/NJ judge whose son and husband were shot speaks out, calls for better protections

NJ judge whose son and husband were shot speaks out, calls for better protections

In an emotional video released Monday, Judge Esther Salas spoke about her son’s brutal killing last month and what she describes as the lack of privacy and protection given to federal judges.

“Two weeks ago, my life as I knew it changed in an instant, and my family will never be the same,” Salas said of the July 19 attack at her home in New Jersey, when a gunman posing as a FedEx delivery driver rang her doorbell, shot her 20-year old son Daniel to death, and critically injured her husband Mark.

Men’s right lawyer Roy Den Hollander, who is suspected of the killing, was found dead of a self-inflicted gunshot wound hours after he allegedly ambushed the family.

Salas, speaking about the incident publicly for the first time, said her family had just celebrated Daniel’s birthday and were cleaning up the house that tragic Sunday in July when the doorbell rang.

“Daniel looked at me and said, ‘Who is that?’” Salas said. “And before I could say a word, he sprinted upstairs. Within seconds, I heard the sound of bullets and someone screaming, ‘No!'”

Salas said her son took a bullet “directly to the chest” trying to protect his father, who is still in the hospital recovering from three bullet wounds.

“My family has experienced a pain that no one should ever have to endure,” she said.

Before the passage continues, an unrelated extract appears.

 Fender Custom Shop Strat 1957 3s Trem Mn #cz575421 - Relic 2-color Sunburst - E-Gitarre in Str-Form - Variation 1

In her nine-minute statement, Salas said the tragedy that befell her family must be used to figure out how to better protect people in her position in government.

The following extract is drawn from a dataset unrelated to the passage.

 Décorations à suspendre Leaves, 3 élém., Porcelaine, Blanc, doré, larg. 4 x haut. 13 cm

“Currently, federal judges’ addresses and other information is readily available on the Internet,” she said. “This monster knew where I lived and what church we attended and had a complete dossier on me and my family.”

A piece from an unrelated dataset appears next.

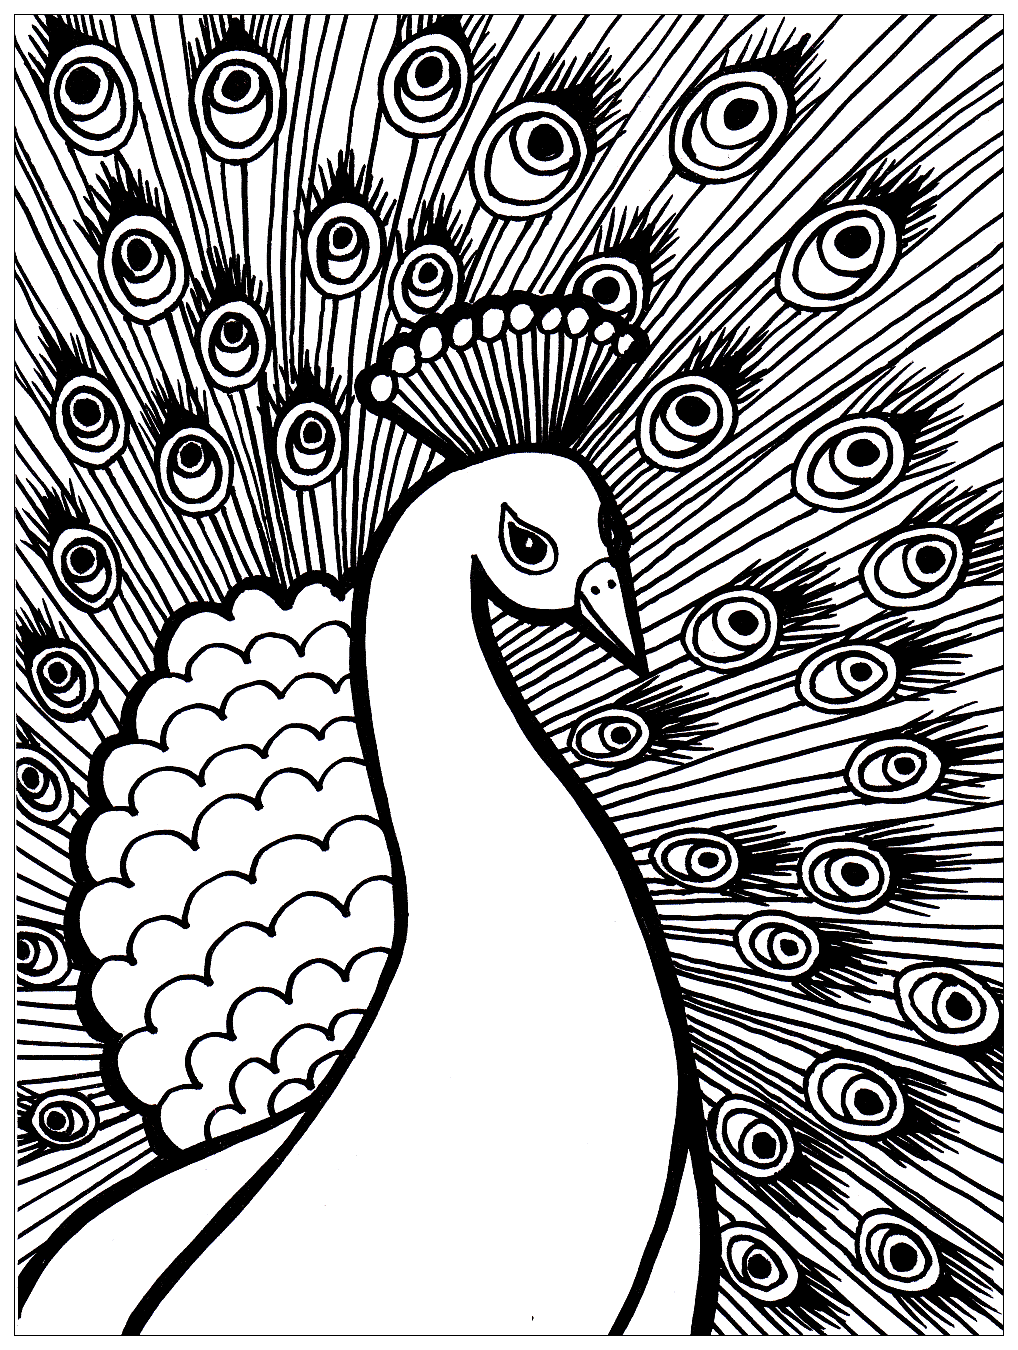 Disegni da colorare per adulti : Peacocks - 1

Salas said there is nothing judges can do to protect themselves from people like the suspect who allegedly killed her son, and said that’s unacceptable.

Currently, federal judges are offered some protections from the U.S. Marshals Service, but others on the bench have been sounding the alarm that more is needed to be done.

According to data compiled by the Marshals, some 4,449 documented threats and “inappropriate communication” were recorded against judges in 2019. That number is unusually high; on average, the service has seen 1,350 threats and inappropriate communications against judicial members annually since 2015.

U.S. District Judge Joan Lefkow, whose husband and mother were shot and killed by an aggrieved former plaintiff fifteen years ago, lobbied Congress in the aftermath to do more to protect federal judges like herself and Salas.

“I know this is a complicated issue, and I don’t pretend to know or have all answers, but together we can find a way,” Salas said, calling for a “national dialogue” to prevent her son from “dying in vain.”